Il carcere non è sempre muri vecchi e abbandono, gli operatori fanno un lavoro straordinario. La sfida successiva? Seguire chi esce e non ha casa

Il carcere non è sempre muri vecchi e abbandono?

Tutt’altro. L’opinione pubblica pensa che perché un muro è rotto il detenuto venga trattato male. Non è così. La struttura è quello che è, ma in quell’edificio riuscire a fare quello che facciamo è un grande risultato. Grazie alla squadra che si è creata, alla direttrice Nuzzaci che fa di tutto e anche di più, e alla dottoressa Pacher della Provincia.

C’è una storia personale che l’ha colpita in particolare?

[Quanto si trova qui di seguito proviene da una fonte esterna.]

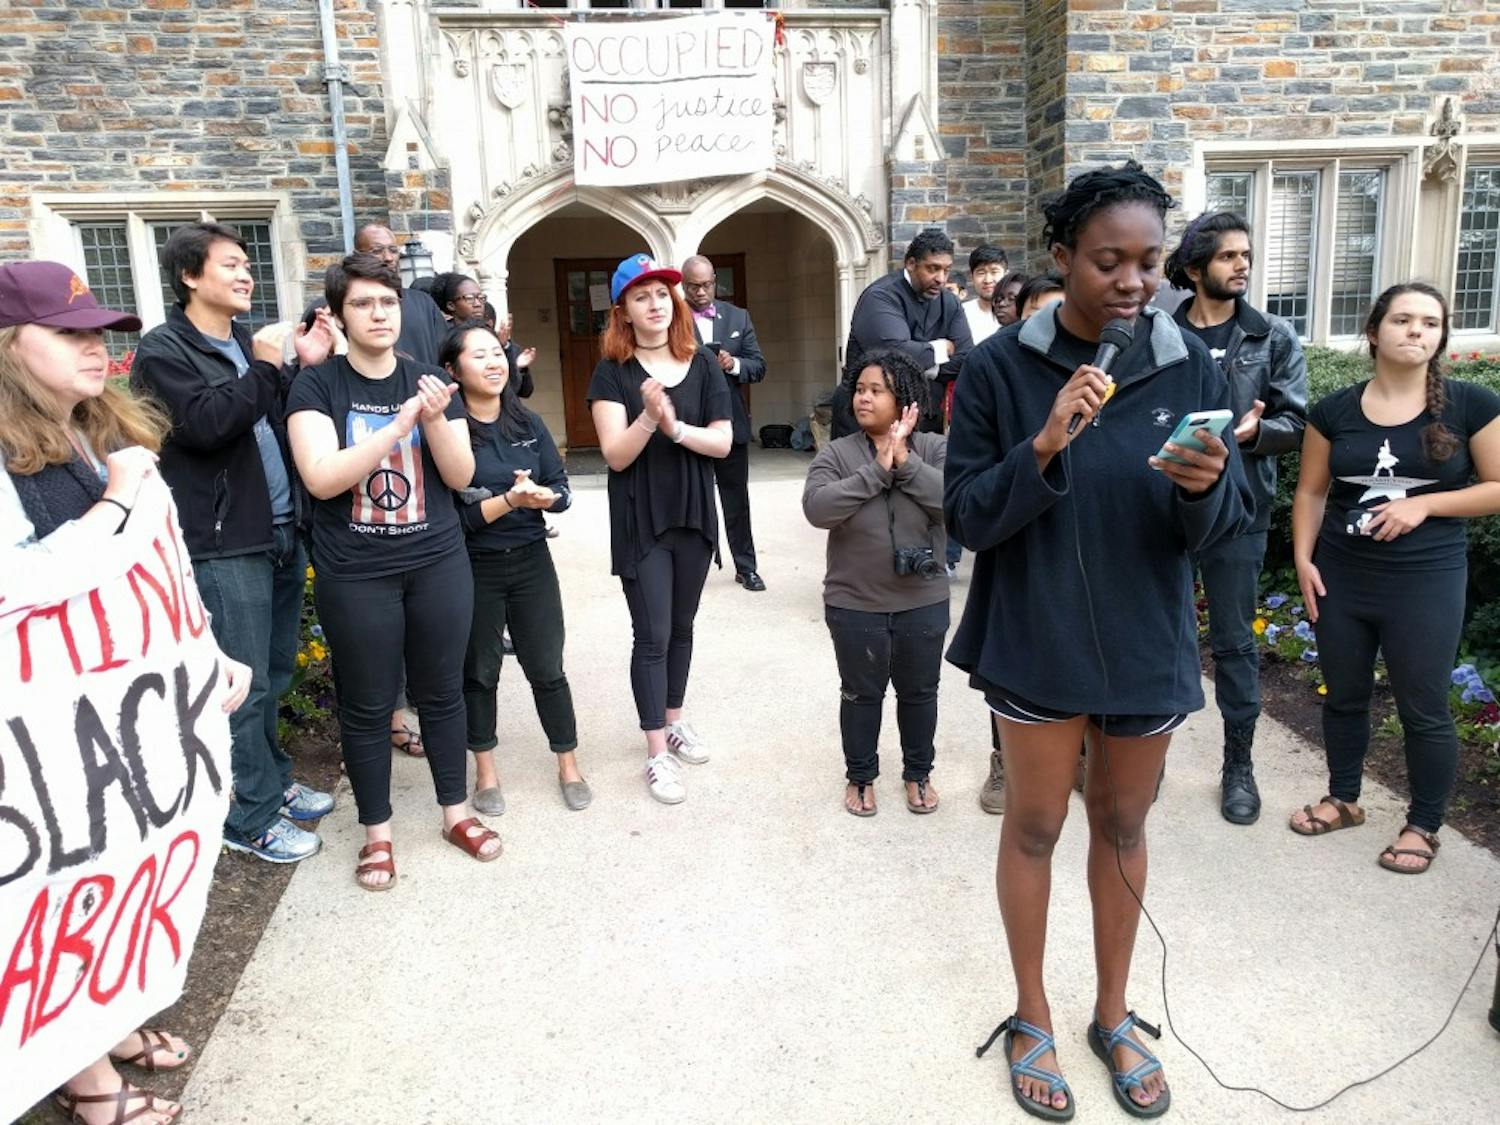 The eight students read statements after exiting the Allen Building.

Io non posso, come gli altri operatori, tenere contatti con loro o mantenerli dopo, per un’esigenza di tutela. Posso solo dire che tanti ragazzi giovani una volta che escono dal cancello sono sulla strada. Quello sarebbe importante, anche se difficile. Lo step successivo rispetto a quanto già si fa, ovvero riuscire a seguire chi non ha un approdo, una casa. Il problema grande è sempre quello: tu che esci dal cancello, hai capito che hai sbagliato, ed è un riscatto, oppure pensi che hai sbagliato ma non hai altra via e pensi che sia più facile rifarlo? Questa è la sfida.